The first thing out of my mouth after introductions was: "I'd expected this situation with Alex to happen today, and was almost hoping for it. Thank you for calling this meeting". I then put my formal letter for
Alex to be evaluated by the school on the table and drew all of their attention to it. I then addressed Alex's guidance counselor, and asked if she recalled the e-mail that I'd sent to her a few weeks ago, outlining that he was affected by Aspergers Syndrome, and asking for an appointment so that we might discuss how we could both help Alex at the high school. Yes, she'd remembered it.
In her reply to my e-mail, I'd gotten the impression that she was obviously trying to brush me off. Yes, she did get 'fill ins' from the guidance counselor at the Freshman Center regarding several students before they had transitioned to the high school, but she hadn't heard anything from any of Alex's current teachers about his having a problem so she hadn't spoke with Alex. If Alex is having any problems, I'm sure I would have heard about them; And what problems has he encountered that I may help with? (Okay, maybe the guidance counselor was playing dumb too, because it seems a bit ridiculous that she would not know
about ASD's.................arg-g-g.........). She'd, after that, pretty much gave me the brush off, as if she
didn't have the time..
Next, at this meeting, the social worker spoke up, and was questioning reason for Alex's anxiety this morning, the reason that Alex has many 'gloom & doom' replies to several questions on his homework.
AND, whether this was going to be something that Child Protective Services (CPS) needed to be brought
in on. (Appearing as un-ruffled as possible in light of the circumstances..) I asked her how much did she know about Alex and the fact that he is affected by Autism Spectrum and/ or Aspergers. AND was she aware that persons with these disorders also have anxiety problems, and tend to be drawn to 'gloom &
doom' areas naturally. AND was she also aware that both 'anxiety' and 'gloom & doom' ideas in Alex
might also be due to the bullying, and the humiliation that he has been subjected to on the school front; which has been brought to the schools attention. None of it being dealt with; as I have kept documented.

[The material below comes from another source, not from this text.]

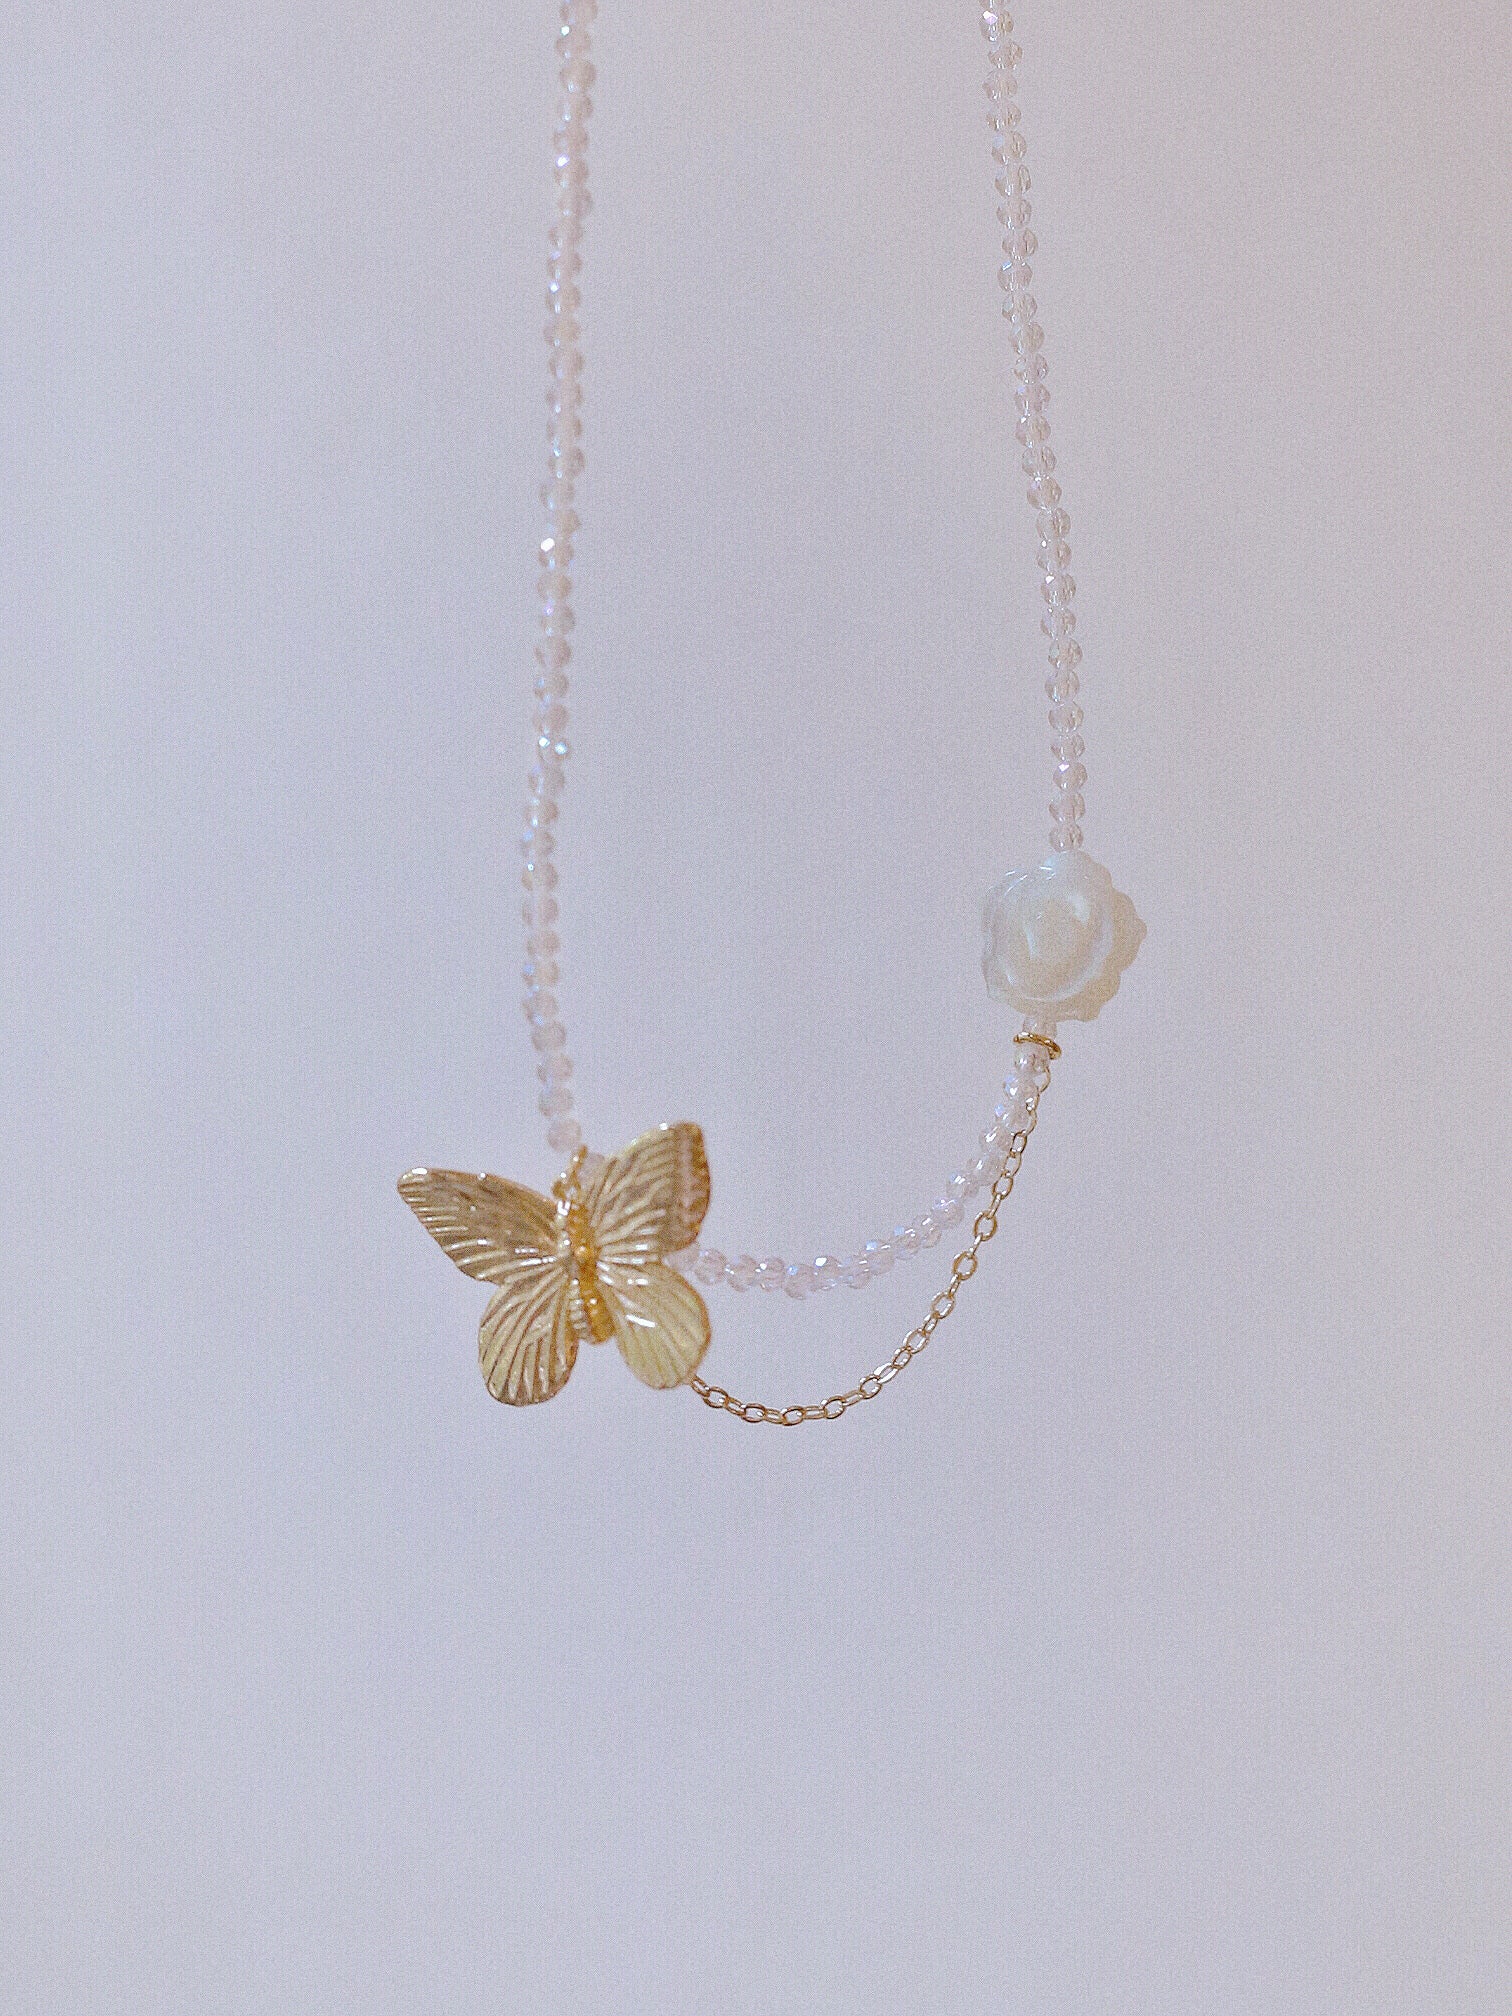 Golden Butterfly And White Rose Handmade Necklace/Choker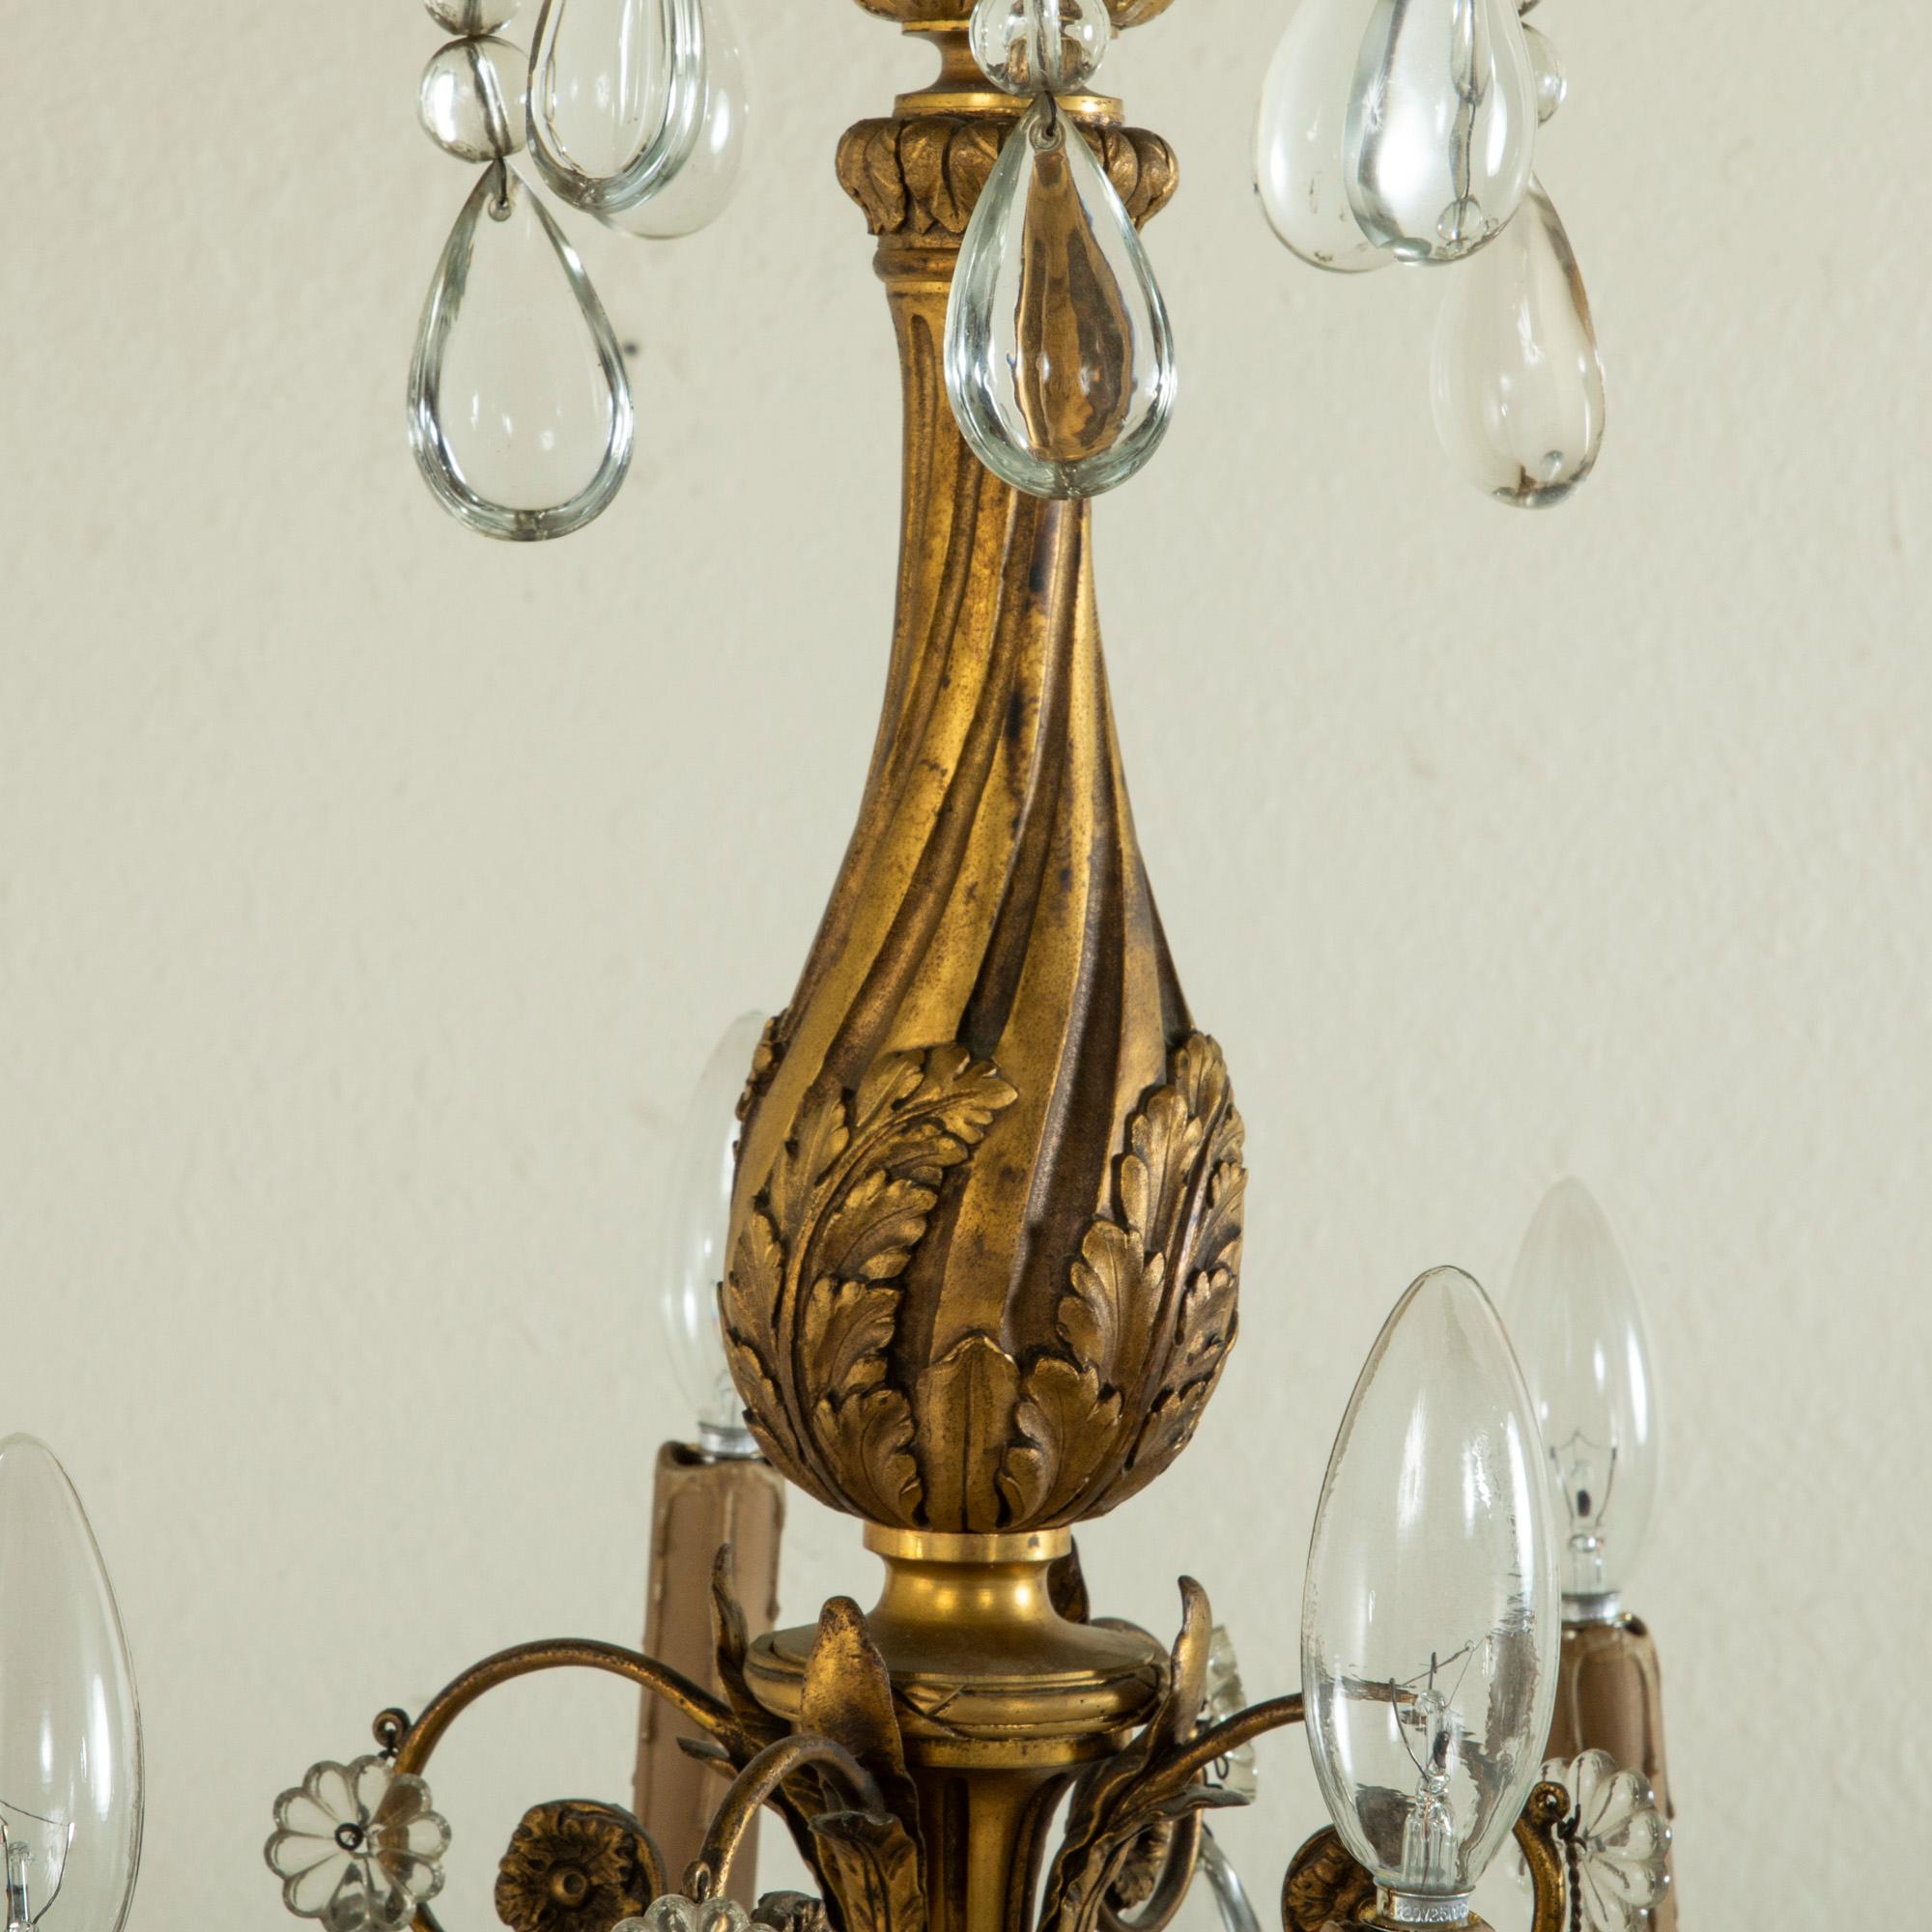 19th Century Nineteenth Century French Napoleon III Period Bronze and Crystal Chandelier

Her 'tude changed about then.. Sheesh..
"Furthermore, I have tried and tried to get someone, the school as well as any ethically minded doctor, to really look and see my son as a human being, note/acknowledge his gifts and needs for quite a while now, and QUIT brushing him off. If you feel the need to bring CPS unjustly into our lives again, you should probably also know that CPS has already been on our door a number of times over the past few years, they've done their investigations, and on every occasion have found the initial allegations to be unfounded. In fact, the last time, the investigator took me aside, shook my hand, and told me that in his opinion, I was a good mom.. And I might want to pursue the 'harassment issue' from those who keep insinuating that I am a bad parent."
(Btw, when I'd mentioned this to a friend of mine who works in the mental health field in another state,
he'd told me that it's normal for the school to bring Child Protective Services up to parents who are asking
for services for their children; it's meant to scare the weaker parents off. And he'd also told me that I'd handled it very well.).
Okay, the school had my formal request for Alex to be evaluated. I then also mentioned that 3 medical doctors, 3 Ph.D. psychologists (including Dixie N., their school psychologist), and 2 therapists had ALL
very much agreed that it was mighty evident that Alex is affected by Autism/ Aspergers, and yet not a one
of them would put it on paper for us. One of those medical doctors went so far as to flat out refuse to diagnose Alex with an ASD; "He'll have problems getting insurance when he's an adult!". Note: I'd subsequently asked that one just exactly whose payroll he was on, and he escorted me to the door...... (..oops). In my opinion, what those professionals have done is abuse/ negligence, and they'd all sworn to aid in the alleviation of pain and suffering to the extent of their abilities!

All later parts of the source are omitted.